The crux of the problem in testing this patch, is that the behavior that changes, is very hard to get at in an isolated way, and requires mocking a HTTPMessage like object, which requires a bit of a dive to do completely enough. But maybe there is a simpler way to generate the required test resp.

I too had noticed the vestigial nature of skip_archives and cache - but TBH - pip seems chock full of this sort of thing...

Contributor

qwcode commented Apr 13, 2013

but TBH - pip seems chock full of this sort of thing...

good that you're among us to notice and help refactor : )

Member

hltbra commented Apr 13, 2013

Pull request #810 removes _get_content_type after removing its call.
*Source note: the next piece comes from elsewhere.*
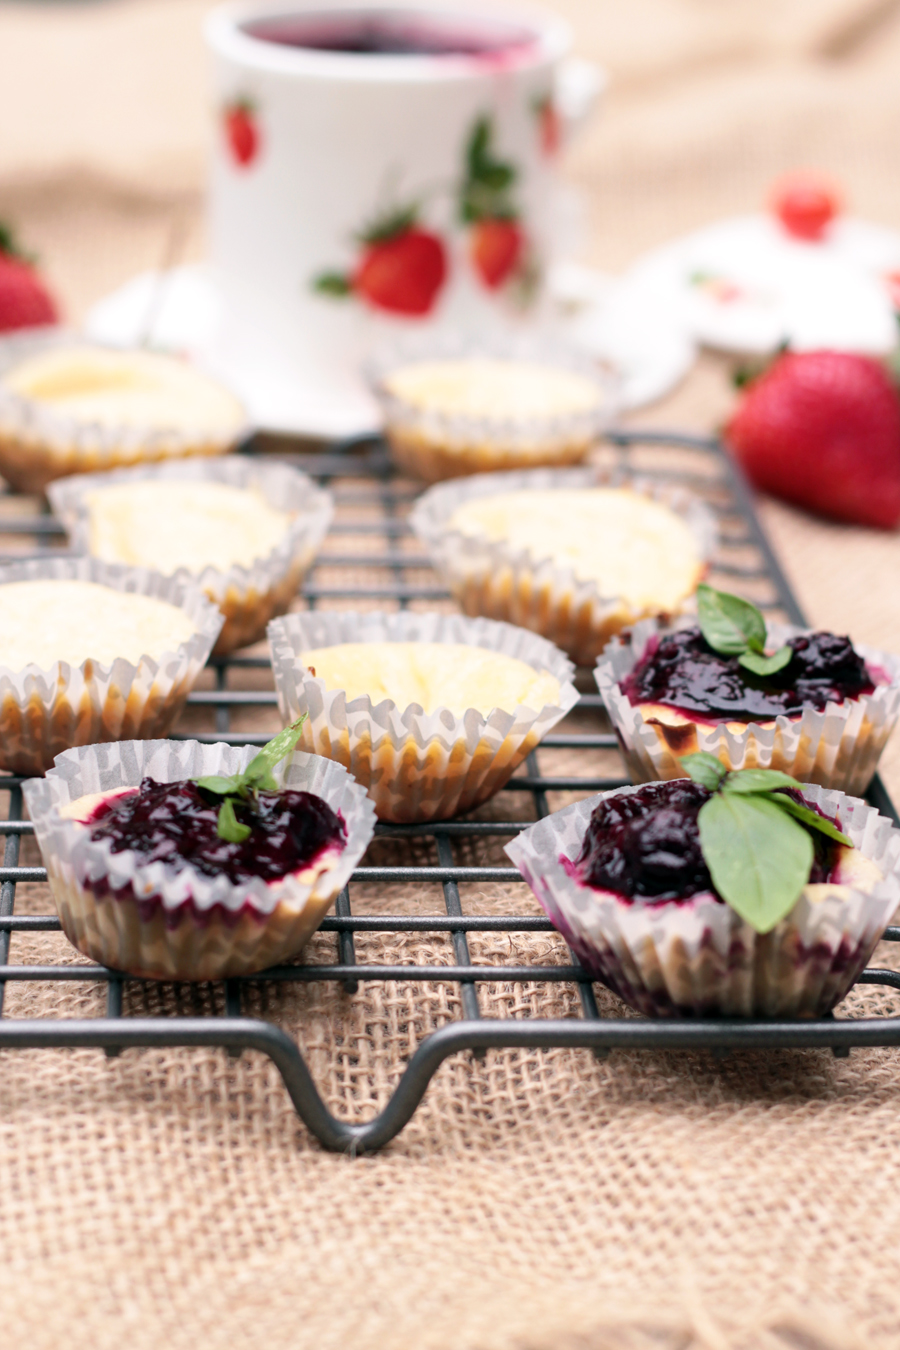 Cheesecake bites with berry coulis are mini desserts that satisfy a sweet tooth and fit into a healthy lifestyle.

It would be nice if this pull requests does the same, because that function is dead code.

Member

hltbra commented Apr 13, 2013

Only one concern about this pull request, and it was discussed before (comments on #874): should we use latin-1 or utf-8?

Contributor

methane commented Apr 14, 2013

@hltbra pip's concern is only finding URLs.
latin-1 is 1byte to 1codepoint translation.
All encoding based ASCII (including UTF-8) can be decoded by latin-1 without breaking ASCII strings.

But, I prefer using bytes instead of unicode to handle HTTP content.
Both of Python 2 and 3 supports bytes regex.

Member

hltbra commented Apr 14, 2013

It is a good idea to avoid converting that to unicode, maybe the best so far. Thanks @methane! It seems there are no implications with that in PackageFinder. The only component that access content value is the HTMLPage itself, and it only apply regexes on that.

Member

hltbra commented Apr 14, 2013

By the way, I was taking a look at how six package converts to unicode using unicode-escape codec: http://pythonhosted.org/six/#six.u

Contributor

ptone commented Apr 14, 2013

FTR - I brought this up originally on #874 with a reference to this link:

http://www.w3.org/International/O-HTTP-charset#charset

Since a page can declare a multibyte encoding in its charset param, we can't pass raw bytes to the link-finding regexes.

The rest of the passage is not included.